BEGIN DATA BELOW

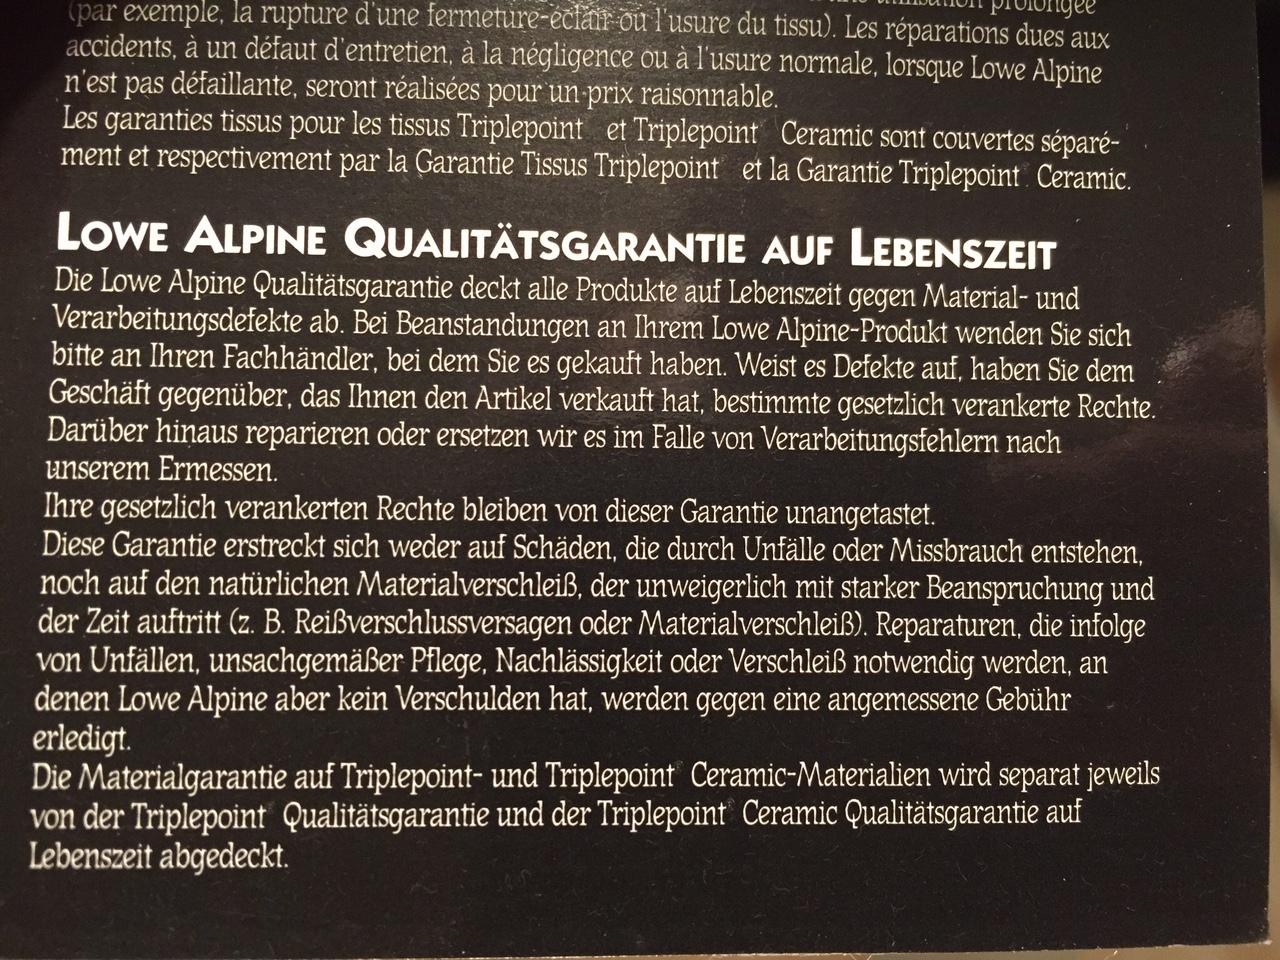 Lowe Alpine Qualitätsgarantie Auf Lebenszeit – Der Zornige verwandt mit Eastpak Rucksack Lebenslange Garantie
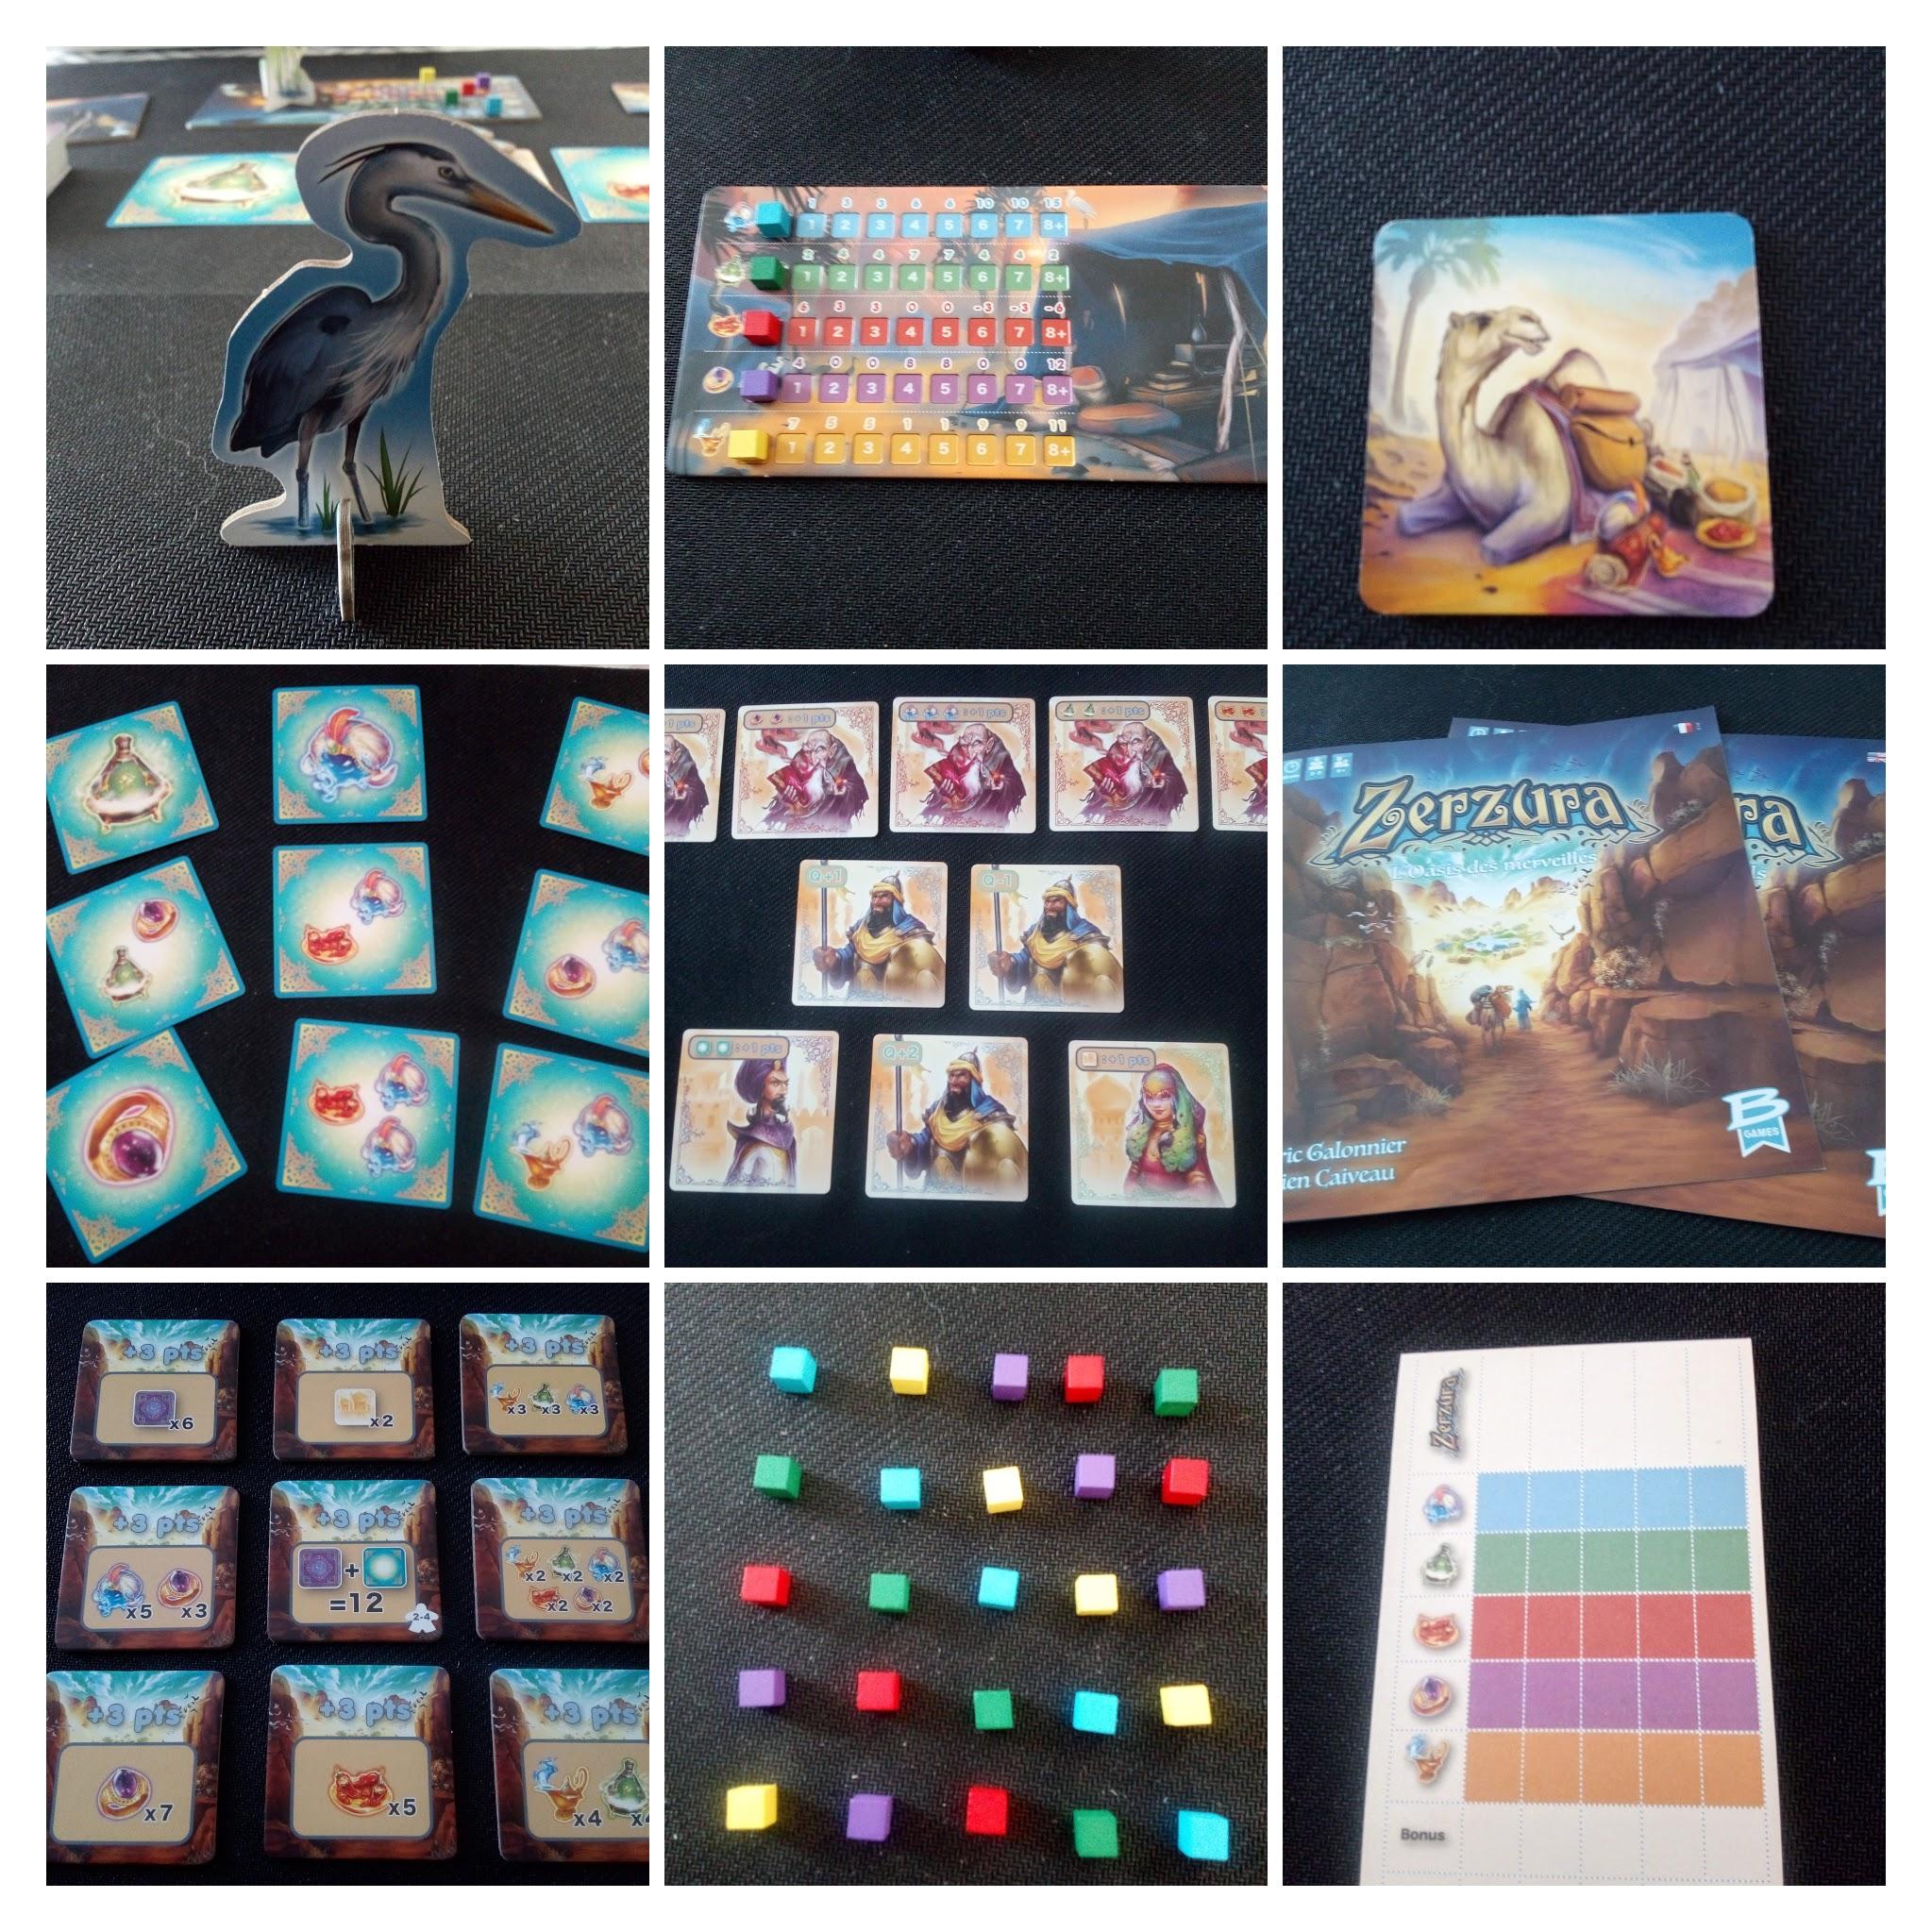 Le matériel de Zerzura, L'oasis des merveilles cadeau de Bragelonne game à Game of Flines. Jeux de société à partir de 8 ans
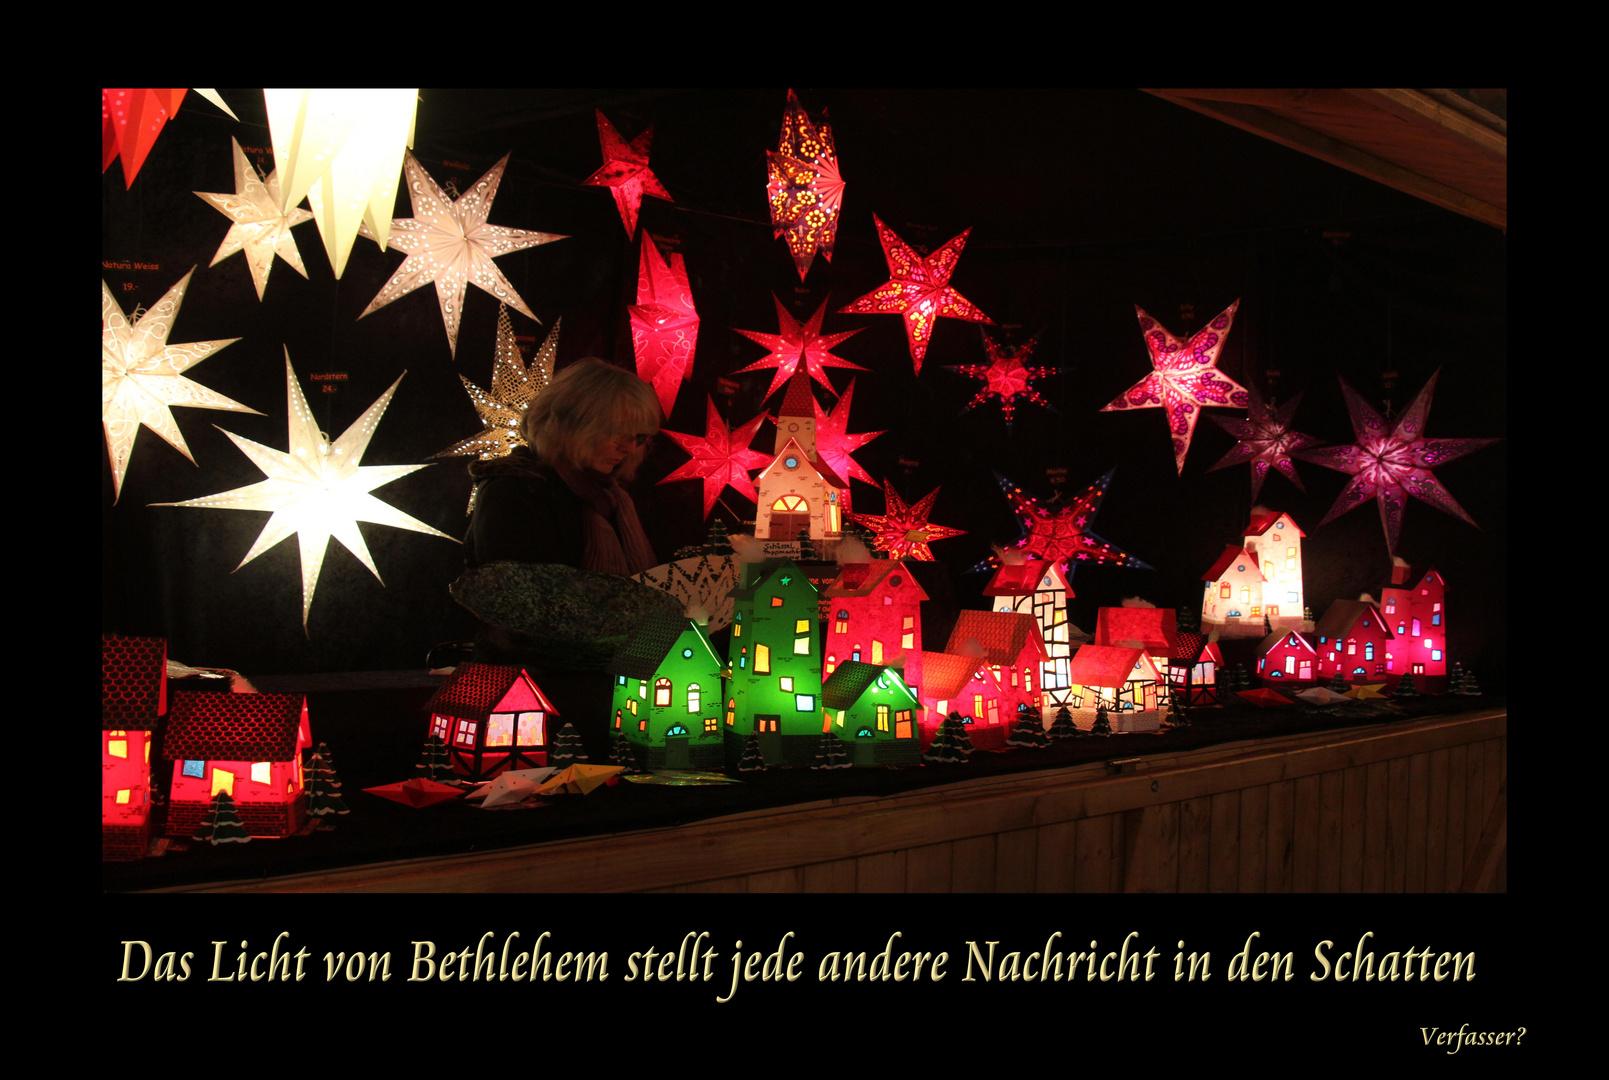 Schöne Weihnachten Bilder.Schone Weihnachten Foto Bild Karten Und Kalender
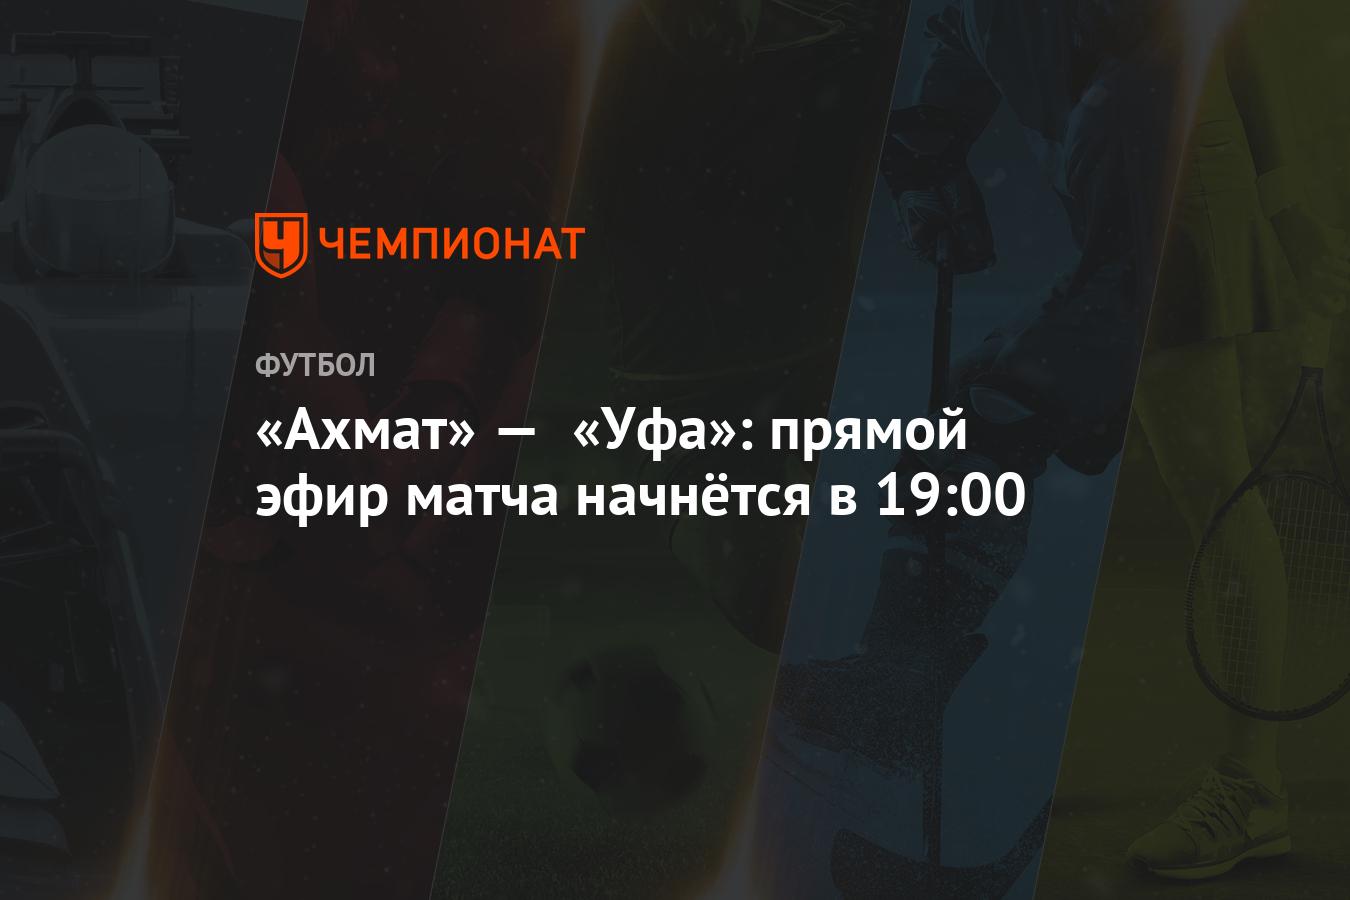 «Ахмат» — «Уфа»: прямой эфир матча начнётся в 19:00

END DATA BELOW

### WHAT TO WORK ON
Starting with the line that contains "Le matériel de", give the lines again exactly as they appear through the last line of the data, pictures excluded.

### RESULT OF THE TASK
 Le matériel de Zerzura, L'oasis des merveilles cadeau de Bragelonne game à Game of Flines. Jeux de société à partir de 8 ans
 Schöne Weihnachten Bilder.Schone Weihnachten Foto Bild Karten Und Kalender
 «Ахмат» — «Уфа»: прямой эфир матча начнётся в 19:00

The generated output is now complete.